I don't quite see how it can be architecture independent if it doesn't do register allocation. Does it use a small fixed amount of virtual registers which work on every target? Or does it spill virtual registers to memory if required?

> The key design principle of sljit is that it does not try to be smarter than the developer.

> This principle is achieved by providing control over the generated machine code like assembly languages.

So it sounds like this is essentially your LLVM backend, taking care of going from intermediate representation to machine code.

Optimisations have to be done separately.

I see how a lightweight code generator could be quite useful, is sljit used in any larger projects?

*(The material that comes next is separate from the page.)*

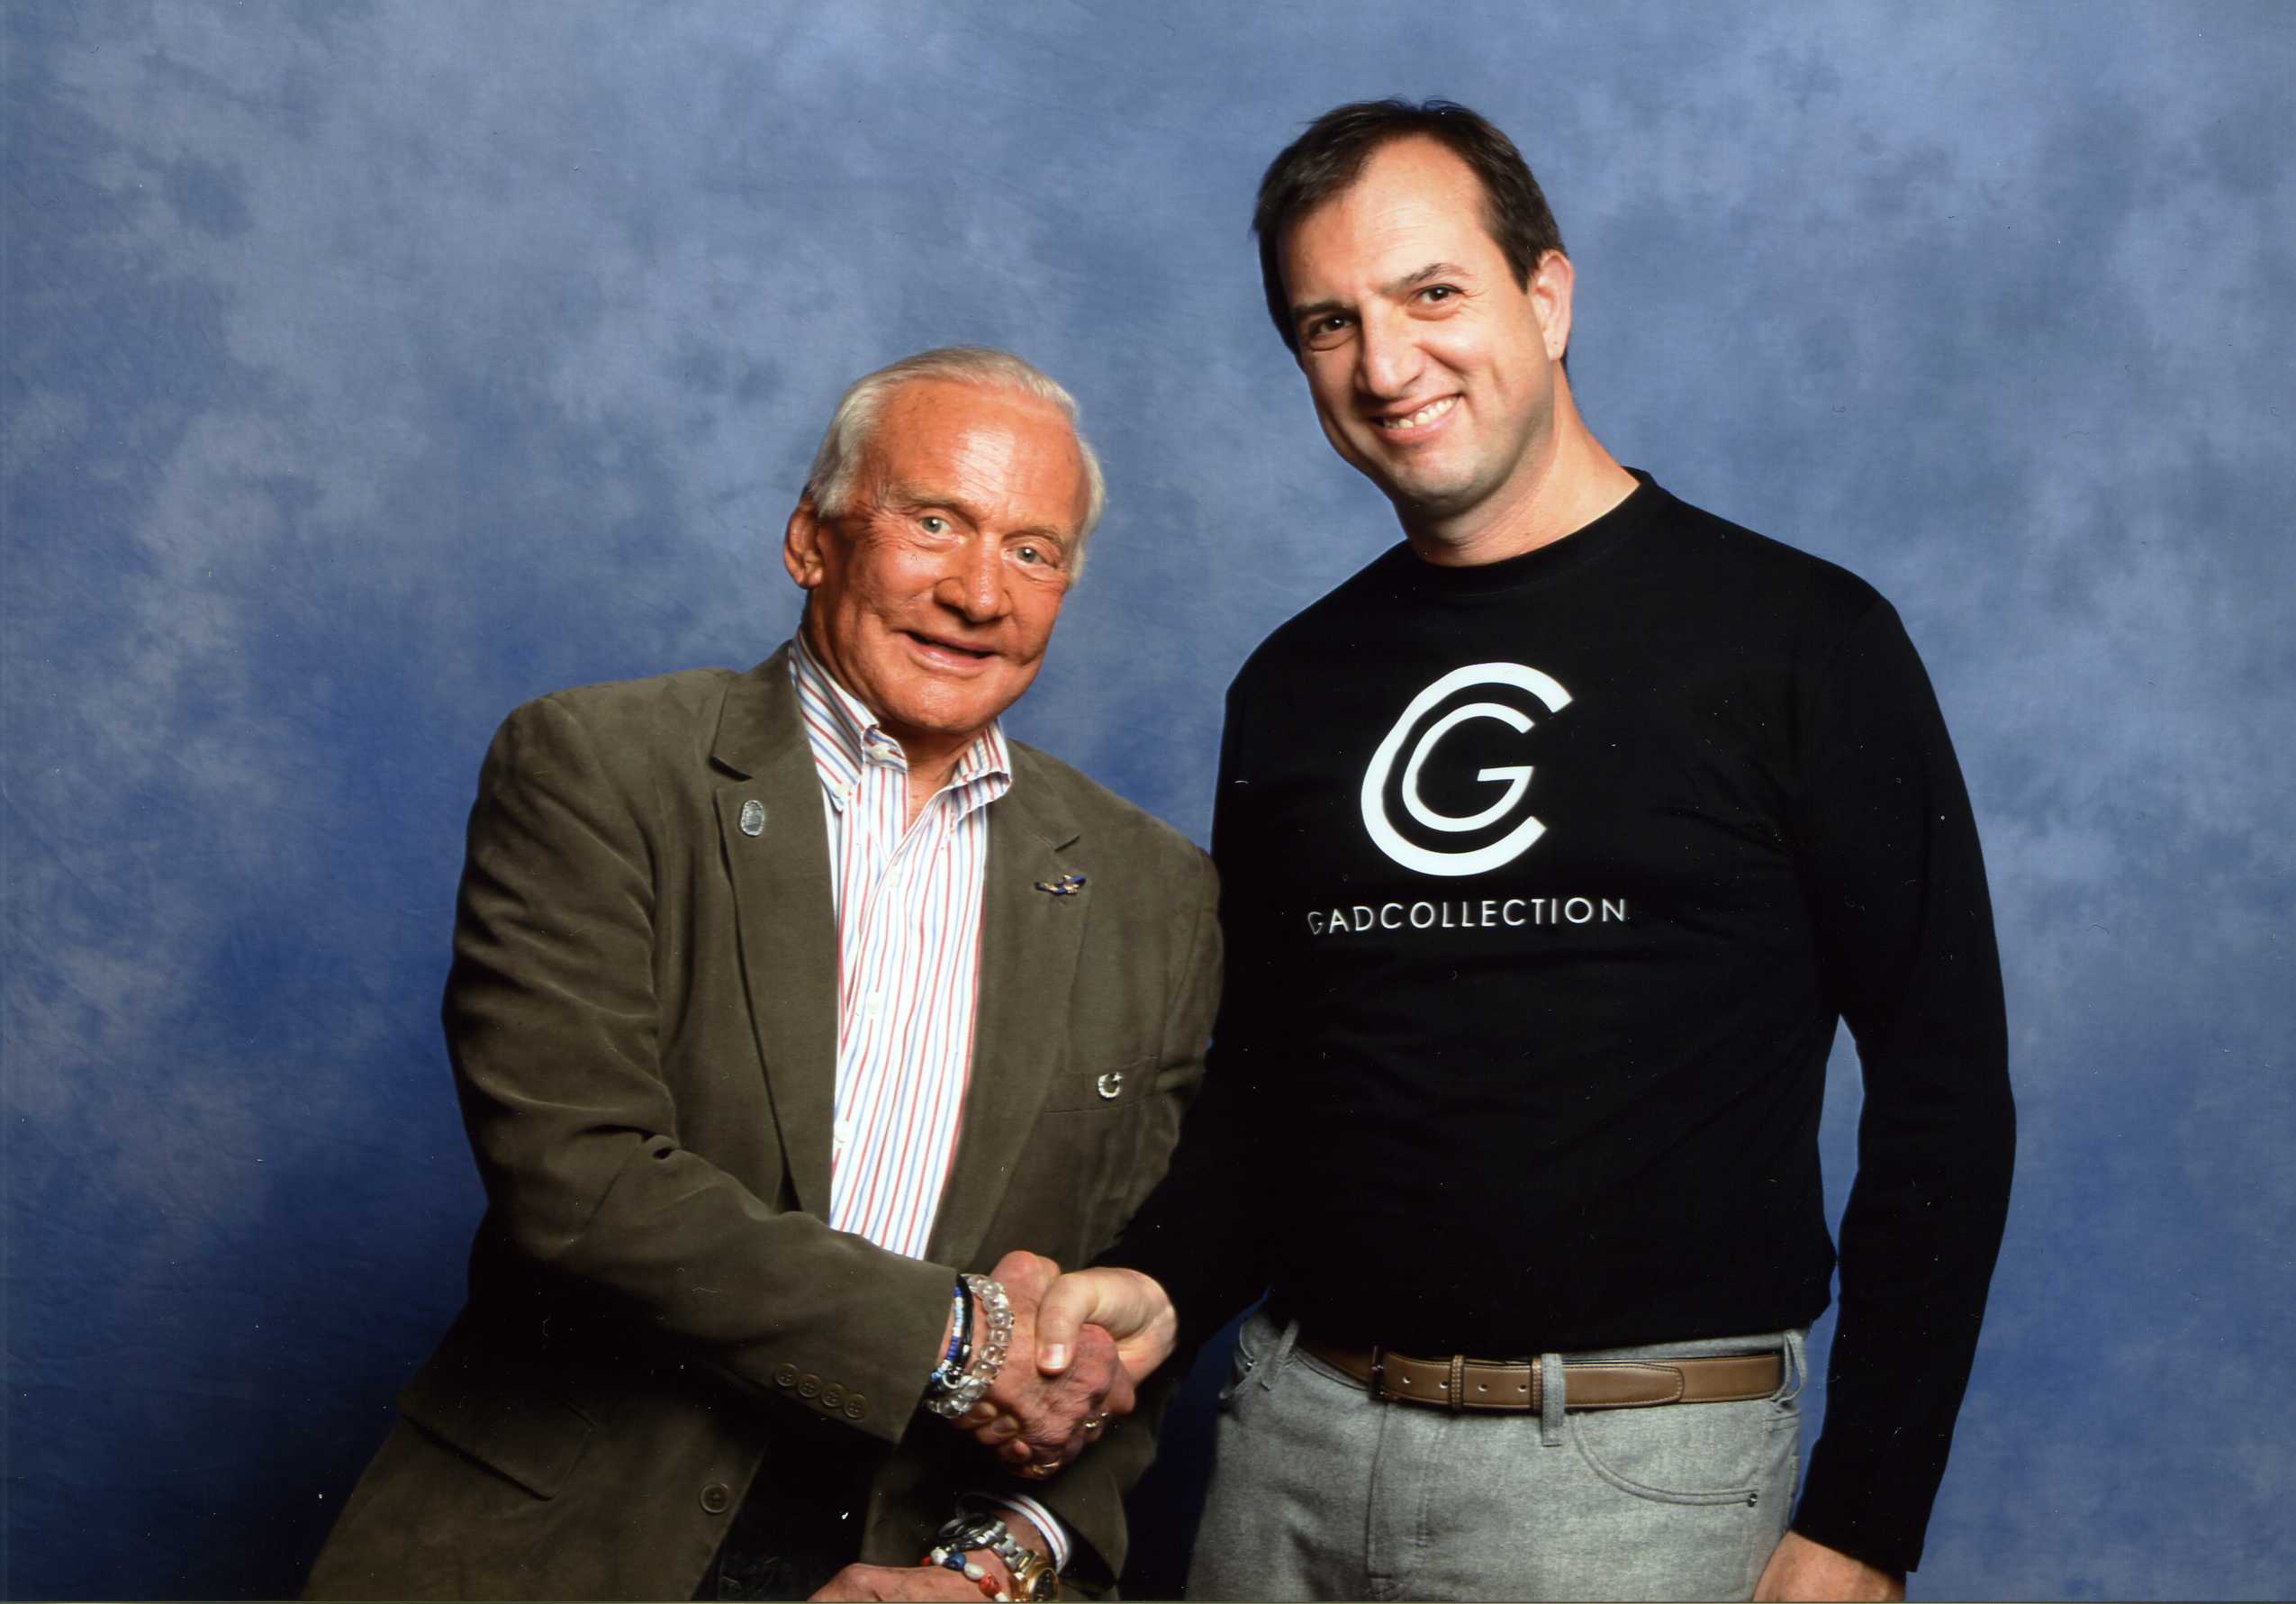 Meeting between Buzz Aldrin and Gad Edery

> is sljit used in any larger projects?

https://github.com/PCRE2Project/pcre2/tree/master/src/sljit

> I don't quite see how it can be architecture independent if it doesn't do register allocation. Does it use a small fixed amount of virtual registers which work on every target? Or does it spill virtual registers to memory if required?

If it's low level and platform independent, that probably means more that it provides the tools to the user to work on many platforms, rather than it does the work for many platforms for the user.

Jit libraries like this are building blocks, not a turnkey interpreter to native execution pipeline.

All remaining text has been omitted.